DataManagers¶
Overview¶
skater contains an abstraction for data, the DataManager. The DataManager is initialized with some data, and optionally some feature names and indexes. One created, the DataManager offers a generate_samples method, which includes options for several sampling algorithms. Any and all updates for handling, accessing, manipulating, saving, and loading data will be handled by the DataManager to ensure isolation from the rest of the code base.
Currently, skater supports numpy ndarrays and pandas dataframes, with plans on supporting sparse arrays in future versions.
1 2 3 4 5 6 7 8 9 10 11 12 13 14 | from sklearn.datasets import load_breast_cancer
from sklearn.ensemble import GradientBoostedClassifier
breast_cancer = load_breast_cancer()
X = breast_cancer.data
y = breast_cancer.target
features = breast_cancer.feature_names
from skater.data import DataManager
data = DataManager(X, feature_names = features)
data.generate_sample(n, strategy='random-choice')
data.generate_grid(['CRIM', 'ZN'], grid_resolution=100)
|
API¶
-
DataManager.
__init__
(X, y=None, feature_names=None, index=None, log_level=30)¶ The abstraction around using, accessing, sampling data for interpretation purposes. Used by interpretation objects to grab data, collect samples, and handle feature names and row indices.
Parameters: - X: 1D/2D numpy array, or pandas DataFrame
raw data
- y: 1D/2D numpy array, or pandas DataFrame
ground truth labels for X
- feature_names: iterable of feature names
Optional keyword containing names of features.
- index: iterable of row names
Optional keyword containing names of indexes (rows).
-
DataManager.
generate_sample
(sample=True, include_y=False, strategy='random-choice', n_samples=1000, replace=True, bin_count=50)¶ Method for generating data from the dataset.

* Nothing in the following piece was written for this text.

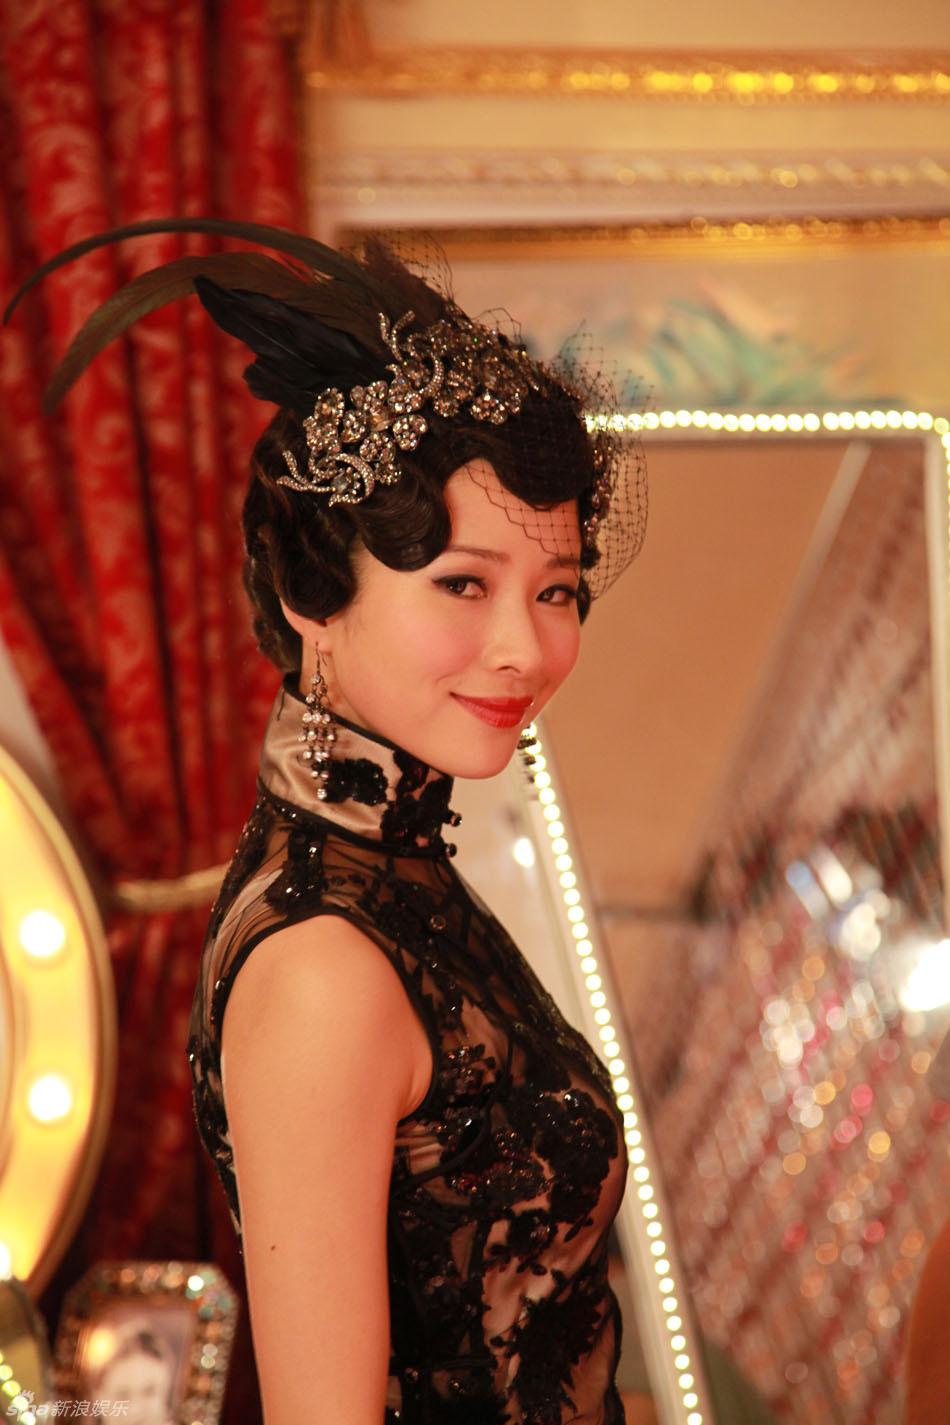 http://www.sinaimg.cn/dy/slidenews/4_img/2013_26/704_1014679_501051.jpg
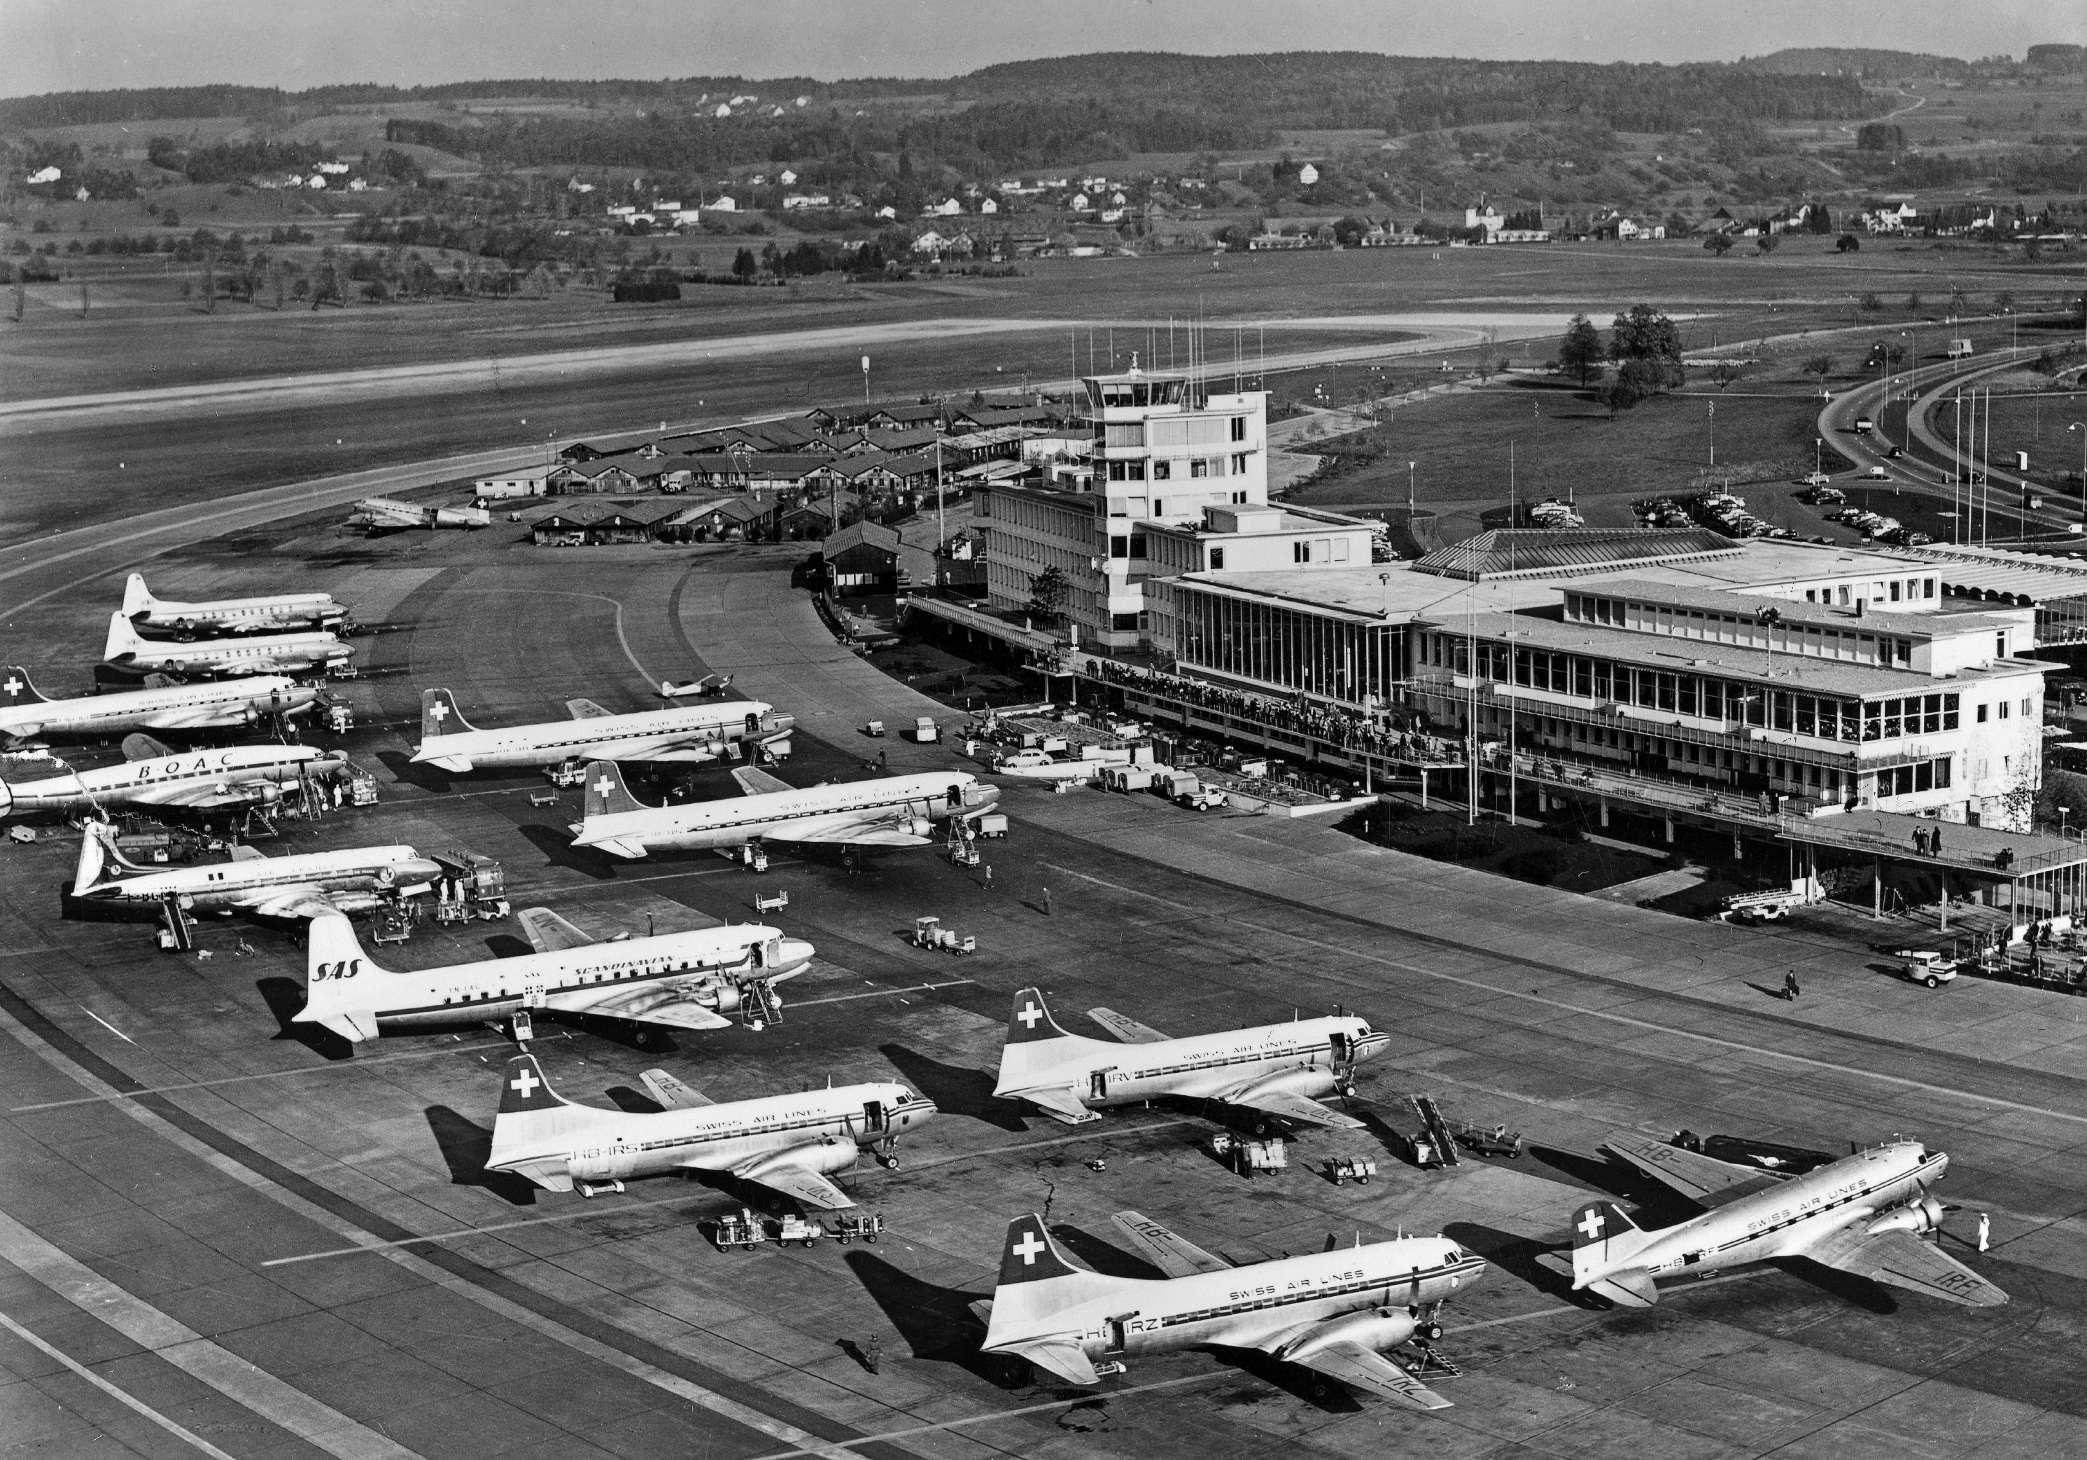 Aerial view Zurich Kloten Aiport, Swissair, BOAC, SAS

Parameters: - sample : boolean
If False, we’ll take the full dataset, otherwise we’ll sample.
include_y: boolean (default=False)
- strategy: string (default=’random-choice’)
Supported strategy types ‘random-choice’, ‘uniform-from-percentile’, ‘uniform-over-similarity-ranks’
- n_samples : int (default=1000)
Specifies the number of samples to return. Only implemented if strategy is “random-choice”.
- replace : boolean (default=True)
Bool for sampling with or without replacement
- bin_count : int
If strategy is “uniform-over-similarity-ranks”, then this is the number of samples to take from each discrete rank.
-
DataManager.
generate_grid
(feature_ids, grid_resolution=100, grid_range=(0.05, 0.95))¶ Generates a grid of values on which to compute pdp. For each feature xi, for value yj of xi, we will fix xi = yj for every observation in X.
Parameters: - feature_ids(list):
Feature names for which we’ll generate a grid. Must be contained by self.feature_ids
- grid_resolution(int):
The number of unique values to choose for each feature.
- grid_range(tuple):
The percentile bounds of the grid. For instance, (.05, .95) corresponds to the 5th and 95th percentiles, respectively.
Returns: - grid(numpy.ndarray): There are as many rows as there are feature_ids
There are as many columns as specified by grid_resolution
-
DataManager.
generate_column_sample
(feature_id, *args, **kwargs)¶ Sample a single feature from the data set.
Parameters: - feature_id: hashable
name of the feature to sample. If no feature names were passed, then the features are accessible via their column index.